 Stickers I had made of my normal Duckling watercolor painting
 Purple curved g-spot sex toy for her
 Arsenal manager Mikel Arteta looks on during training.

•••••

# What the task requires
Repeat, word for word, every line above.

# Answer area
 Stickers I had made of my normal Duckling watercolor painting
 Purple curved g-spot sex toy for her
 Arsenal manager Mikel Arteta looks on during training.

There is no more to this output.